##### THE DATA #####
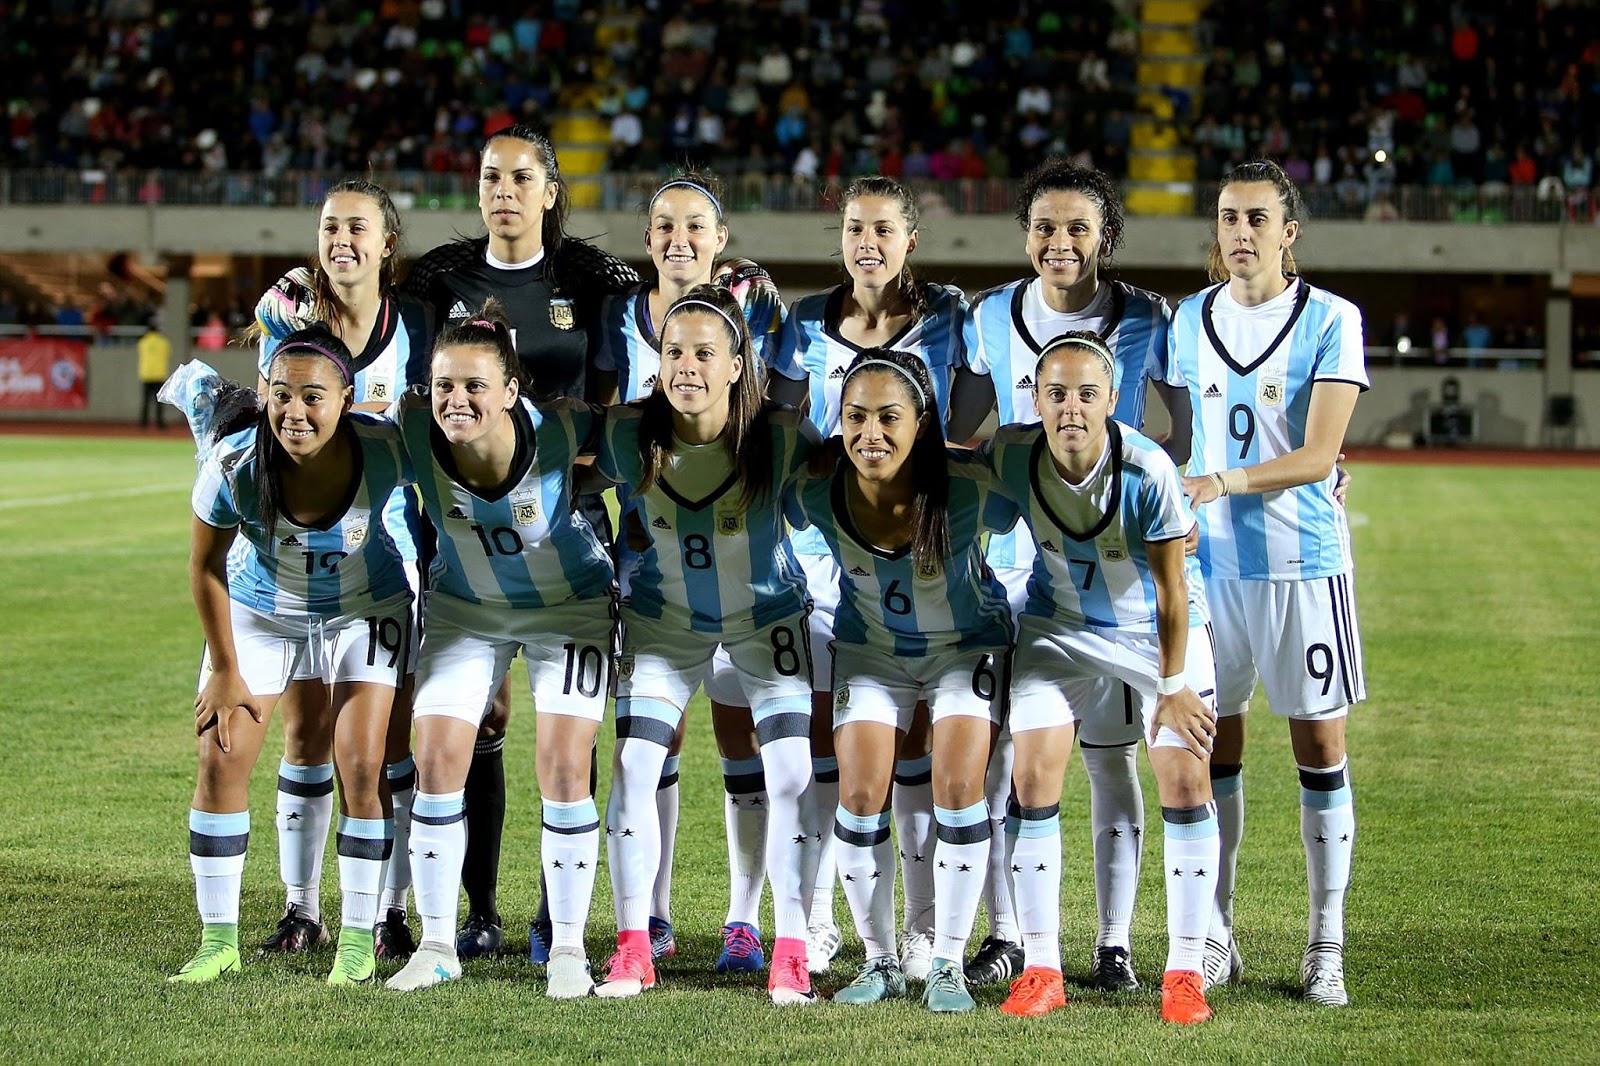 Formación de selección femenina de Argentina ante Chile, amistoso disputado el 24 de octubre de 2017
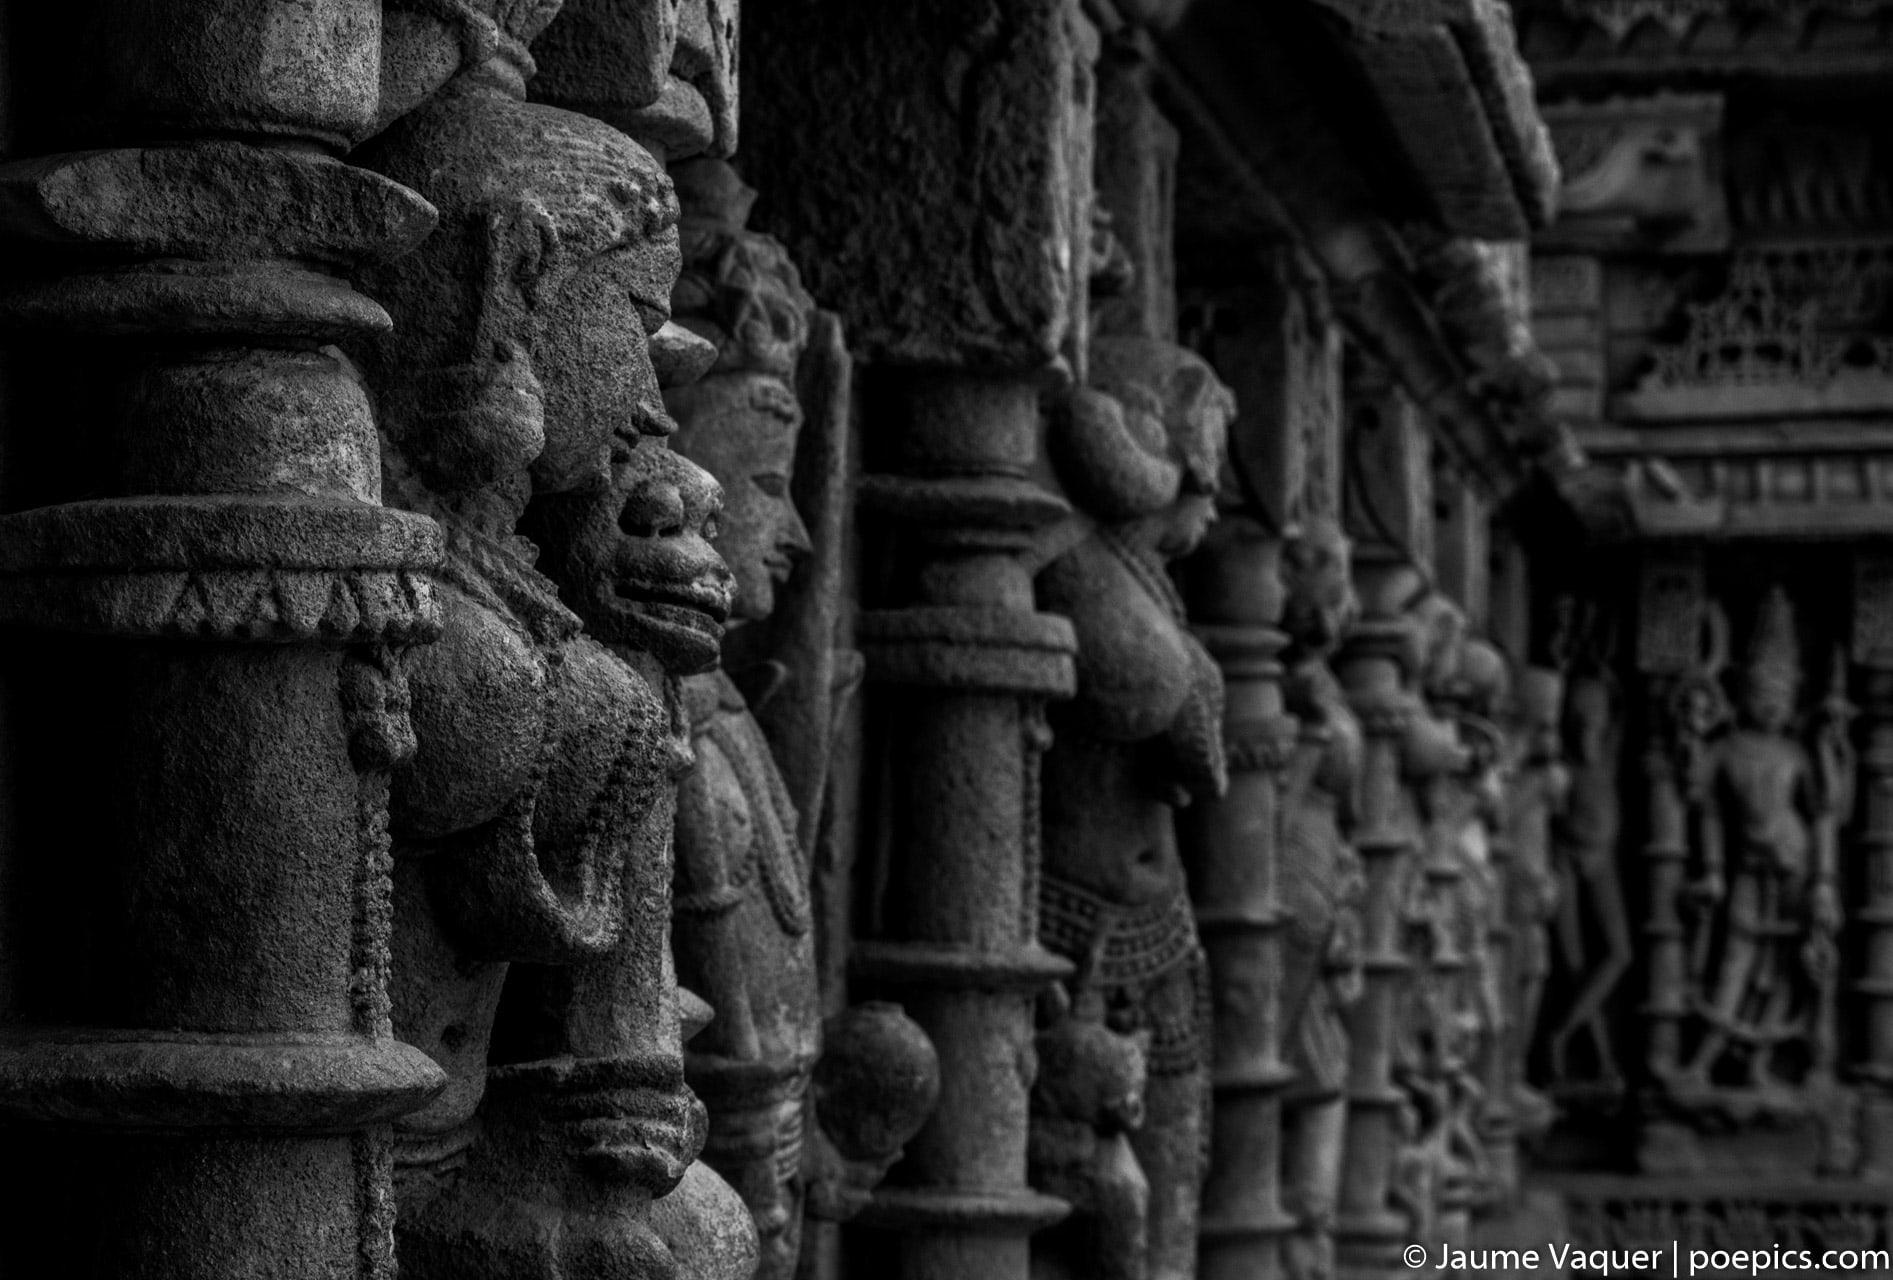 Esculturas de la India, Templo Rani Ki Vav, Patan, Gujarat, India
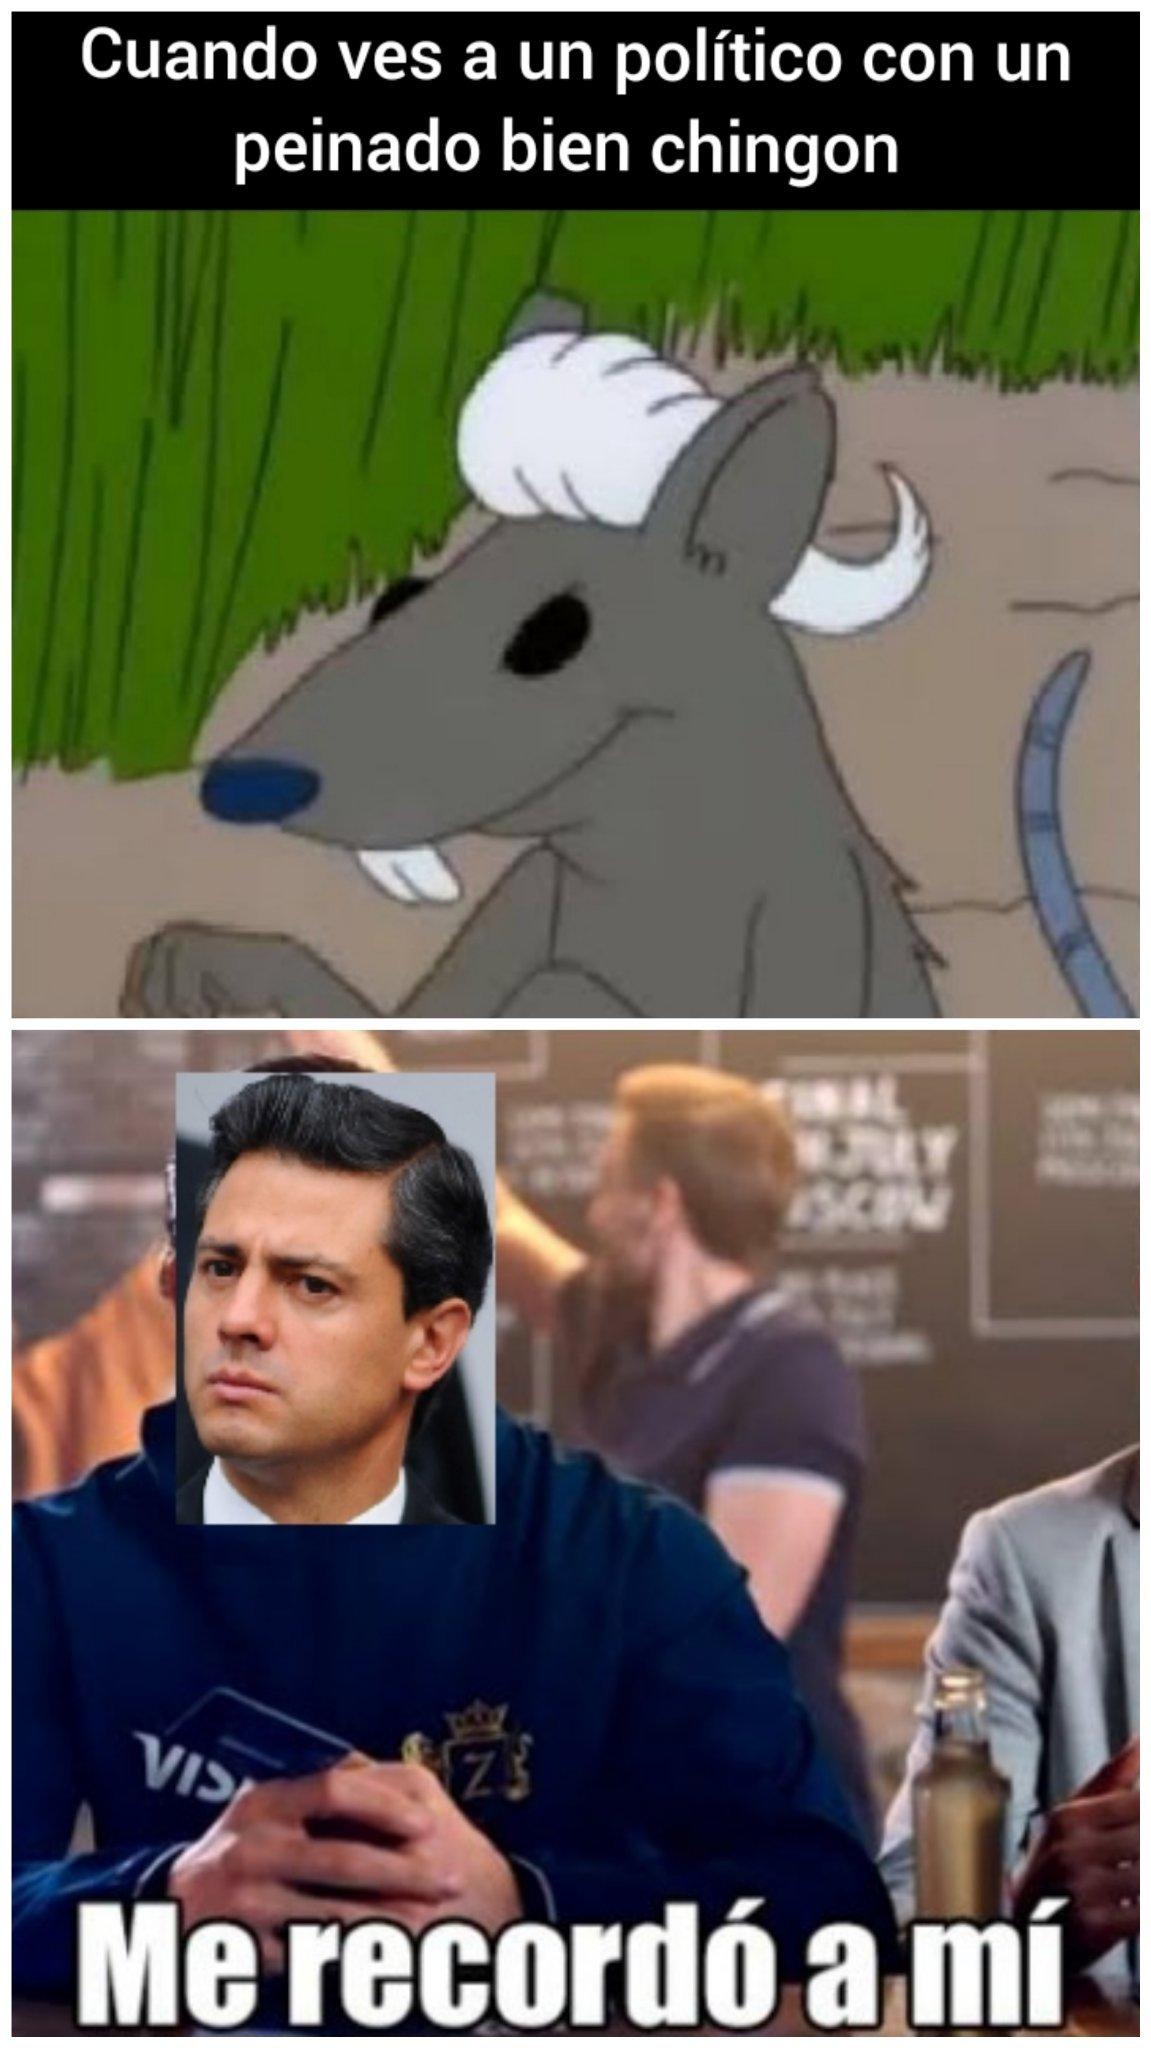 Peña Nieto, me recordó a mi. Jpg - meme
#####
* _TASK STATEMENT_:
Please reproduce the whole listing exactly; the pictures stay out.

* _RESPONSE TO THIS TASK_:
 Formación de selección femenina de Argentina ante Chile, amistoso disputado el 24 de octubre de 2017
 Esculturas de la India, Templo Rani Ki Vav, Patan, Gujarat, India
 Peña Nieto, me recordó a mi. Jpg - meme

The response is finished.